In 1846, a physician named Ignatz Semmelweis, located at the Allgemeine Krankenhaus in Vienna, faced a dire healthcare crisis. He observed that the maternity ward in his own hospital (as well as those in other area hospitals) had a maternal mortality rate of over 15%. That is, one out of every six mothers who came to his hospital to give birth either died during childbirth or shortly thereafter. Mothers would arrive at the hospital healthy, give birth, and then contract a high fever and die. The primary explanation for these deaths was referred to as puerperal fever, but its underlying causes were unknown. Substantial speculation ensued and factors including but not limited to stale air, tight petticoats, cosmic influences, errors in diet and personal disposition were all blamed. Fear and uncertainty gripped the community.
Dr. Semmelweis began by focusing on the available data. He was immediately able to narrow his focus by comparing outcomes between mothers with equivalent underlying health who gave birth in different locations (e.g., at home, in a midwives ward in his own hospital and in the doctors ward). In the end, he was able to determine that the sickness was introduced to mothers by physicians who moved between different areas of the hospital without sanitizing their tools and hands. By ordering all physicians and students to briefly disinfect their hands in a chlorinated wash before visiting the maternity ward, the mortality rate fell to 1%.
The use of observational data to understand and combat both the spread of disease and the spread of fear and uncertainty stretches back well over a century. In addition to Dr. Semmelweis, John Snow and Florence Nightingale are two well-known early pioneers in this use of observational data. Many have followed in their footsteps.
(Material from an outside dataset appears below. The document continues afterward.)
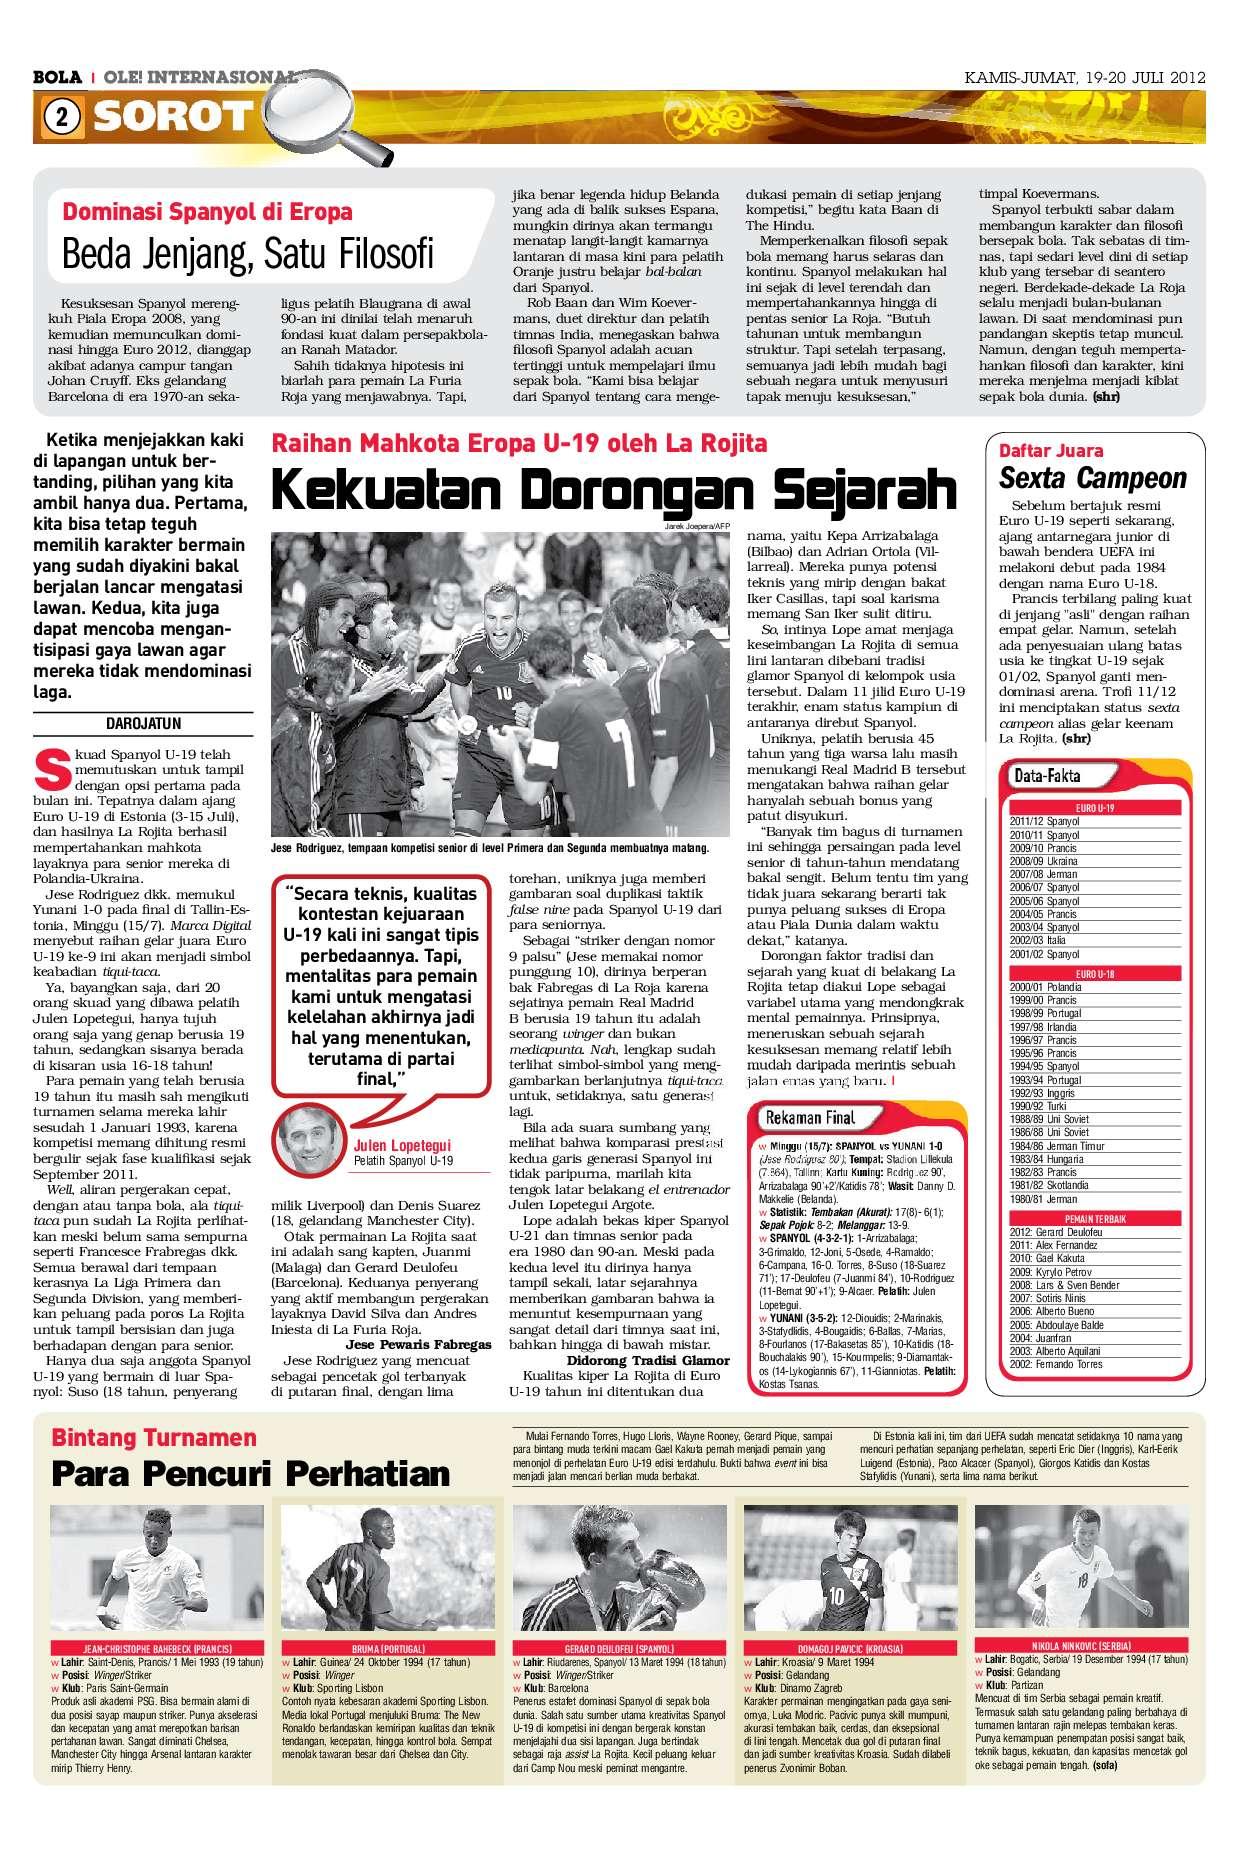 Bola Kamis Magazine Ed 2379 2012 Gramedia Digital

Here at H2O.ai, like much of the world, we have been deeply concerned by the spread of the Coronavirus (COVID-19). As data scientists, we feel an added responsibility to contribute to the multiple efforts currently underway to utilize available data and build models that will to help the medical community understand, prepare for and prevent the further spread of this virus. We are grateful for those who have made efforts to make timely and reliable data available to the broader data science community. All efforts are predicated on access to these data. We are likewise grateful for the many medical researchers and data practitioners who are making headway in Coronavirus testing, tracking, forecasting and the beginnings of available treatment. We ourselves, in partnership with numerous healthcare facilities and providers, are engaged in several efforts across these different areas of data research. We look forward to continued, successful work in the fight against this disease.